=== Section Start ===

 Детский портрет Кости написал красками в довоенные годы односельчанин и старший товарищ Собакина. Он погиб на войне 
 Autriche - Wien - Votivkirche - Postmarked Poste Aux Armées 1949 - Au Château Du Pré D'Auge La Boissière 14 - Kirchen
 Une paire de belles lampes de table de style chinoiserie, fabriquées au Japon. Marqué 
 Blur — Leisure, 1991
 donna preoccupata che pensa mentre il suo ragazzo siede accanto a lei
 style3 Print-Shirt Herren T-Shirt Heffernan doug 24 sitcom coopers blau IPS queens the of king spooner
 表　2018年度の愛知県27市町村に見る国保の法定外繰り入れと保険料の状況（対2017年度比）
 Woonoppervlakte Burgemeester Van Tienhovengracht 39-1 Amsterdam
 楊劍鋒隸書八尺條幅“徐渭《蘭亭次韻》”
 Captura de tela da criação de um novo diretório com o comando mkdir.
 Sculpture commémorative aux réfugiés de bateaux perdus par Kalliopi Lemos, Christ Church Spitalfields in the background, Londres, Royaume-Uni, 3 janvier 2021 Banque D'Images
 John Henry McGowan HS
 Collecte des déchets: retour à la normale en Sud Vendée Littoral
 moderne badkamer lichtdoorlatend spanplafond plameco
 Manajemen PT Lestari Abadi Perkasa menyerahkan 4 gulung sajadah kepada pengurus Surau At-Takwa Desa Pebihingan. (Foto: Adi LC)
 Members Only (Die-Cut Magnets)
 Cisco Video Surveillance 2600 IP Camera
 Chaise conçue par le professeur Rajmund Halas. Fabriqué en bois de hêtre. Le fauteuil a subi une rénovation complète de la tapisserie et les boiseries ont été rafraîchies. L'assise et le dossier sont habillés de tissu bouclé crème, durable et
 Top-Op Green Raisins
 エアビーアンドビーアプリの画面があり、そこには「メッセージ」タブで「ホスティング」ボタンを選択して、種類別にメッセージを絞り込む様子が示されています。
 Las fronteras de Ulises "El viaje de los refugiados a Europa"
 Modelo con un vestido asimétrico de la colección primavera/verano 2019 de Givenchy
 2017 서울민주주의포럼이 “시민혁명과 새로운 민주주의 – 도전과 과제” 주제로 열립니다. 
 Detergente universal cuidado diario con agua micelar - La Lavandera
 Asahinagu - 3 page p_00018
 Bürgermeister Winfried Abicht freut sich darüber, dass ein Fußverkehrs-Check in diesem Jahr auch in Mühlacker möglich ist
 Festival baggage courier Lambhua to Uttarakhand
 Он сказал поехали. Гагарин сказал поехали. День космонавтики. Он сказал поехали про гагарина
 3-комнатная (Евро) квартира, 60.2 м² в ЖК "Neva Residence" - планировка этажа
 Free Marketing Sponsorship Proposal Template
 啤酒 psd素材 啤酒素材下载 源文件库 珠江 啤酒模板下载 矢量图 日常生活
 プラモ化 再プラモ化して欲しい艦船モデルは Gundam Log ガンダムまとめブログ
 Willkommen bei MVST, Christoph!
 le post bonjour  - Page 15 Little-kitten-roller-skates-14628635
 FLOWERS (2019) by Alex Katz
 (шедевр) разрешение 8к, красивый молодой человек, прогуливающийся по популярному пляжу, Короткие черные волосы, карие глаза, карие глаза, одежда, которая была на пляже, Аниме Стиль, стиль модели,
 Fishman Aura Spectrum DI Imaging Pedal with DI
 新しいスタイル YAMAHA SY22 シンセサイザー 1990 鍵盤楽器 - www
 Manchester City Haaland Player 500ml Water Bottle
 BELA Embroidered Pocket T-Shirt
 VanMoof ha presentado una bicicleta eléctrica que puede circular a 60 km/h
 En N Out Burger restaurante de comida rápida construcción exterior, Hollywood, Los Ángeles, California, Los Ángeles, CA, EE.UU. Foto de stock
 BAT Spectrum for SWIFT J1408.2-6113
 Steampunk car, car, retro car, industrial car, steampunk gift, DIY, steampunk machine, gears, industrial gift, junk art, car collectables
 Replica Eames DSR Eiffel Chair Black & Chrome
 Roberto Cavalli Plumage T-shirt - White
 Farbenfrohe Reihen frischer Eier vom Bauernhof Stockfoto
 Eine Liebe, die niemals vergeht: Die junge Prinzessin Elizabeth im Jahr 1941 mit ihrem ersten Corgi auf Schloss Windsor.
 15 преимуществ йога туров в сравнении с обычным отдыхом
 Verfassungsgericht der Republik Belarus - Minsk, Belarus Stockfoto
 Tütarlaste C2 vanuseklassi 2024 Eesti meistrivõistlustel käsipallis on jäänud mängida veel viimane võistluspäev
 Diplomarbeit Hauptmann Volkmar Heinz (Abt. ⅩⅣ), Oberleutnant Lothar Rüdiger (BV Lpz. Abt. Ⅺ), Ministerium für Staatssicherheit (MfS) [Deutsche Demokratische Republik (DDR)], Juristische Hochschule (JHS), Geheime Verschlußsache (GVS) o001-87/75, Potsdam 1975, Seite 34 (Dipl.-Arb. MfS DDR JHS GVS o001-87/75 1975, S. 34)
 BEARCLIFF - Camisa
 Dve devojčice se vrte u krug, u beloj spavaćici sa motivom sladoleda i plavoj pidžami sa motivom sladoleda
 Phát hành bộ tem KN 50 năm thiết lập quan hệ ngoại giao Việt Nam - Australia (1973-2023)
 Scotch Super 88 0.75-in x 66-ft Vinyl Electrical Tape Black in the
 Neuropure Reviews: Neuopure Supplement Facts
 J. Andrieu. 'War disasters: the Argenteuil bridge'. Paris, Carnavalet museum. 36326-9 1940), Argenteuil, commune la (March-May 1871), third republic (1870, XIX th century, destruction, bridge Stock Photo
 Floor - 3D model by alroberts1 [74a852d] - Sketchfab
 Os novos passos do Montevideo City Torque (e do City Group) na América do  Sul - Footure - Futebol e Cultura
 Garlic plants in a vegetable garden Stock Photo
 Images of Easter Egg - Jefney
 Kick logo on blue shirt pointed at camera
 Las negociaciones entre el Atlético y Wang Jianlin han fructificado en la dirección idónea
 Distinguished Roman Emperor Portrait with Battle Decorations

=== Section End ===

# Activity
Of all the entries above, output exactly the lines between the one holding "Bürgermeister Winfried Abicht" and the one holding "VanMoof ha presentado", inclusive.

# Result for this task
 Bürgermeister Winfried Abicht freut sich darüber, dass ein Fußverkehrs-Check in diesem Jahr auch in Mühlacker möglich ist
 Festival baggage courier Lambhua to Uttarakhand
 Он сказал поехали. Гагарин сказал поехали. День космонавтики. Он сказал поехали про гагарина
 3-комнатная (Евро) квартира, 60.2 м² в ЖК "Neva Residence" - планировка этажа
 Free Marketing Sponsorship Proposal Template
 啤酒 psd素材 啤酒素材下载 源文件库 珠江 啤酒模板下载 矢量图 日常生活
 プラモ化 再プラモ化して欲しい艦船モデルは Gundam Log ガンダムまとめブログ
 Willkommen bei MVST, Christoph!
 le post bonjour  - Page 15 Little-kitten-roller-skates-14628635
 FLOWERS (2019) by Alex Katz
 (шедевр) разрешение 8к, красивый молодой человек, прогуливающийся по популярному пляжу, Короткие черные волосы, карие глаза, карие глаза, одежда, которая была на пляже, Аниме Стиль, стиль модели,
 Fishman Aura Spectrum DI Imaging Pedal with DI
 新しいスタイル YAMAHA SY22 シンセサイザー 1990 鍵盤楽器 - www
 Manchester City Haaland Player 500ml Water Bottle
 BELA Embroidered Pocket T-Shirt
 VanMoof ha presentado una bicicleta eléctrica que puede circular a 60 km/h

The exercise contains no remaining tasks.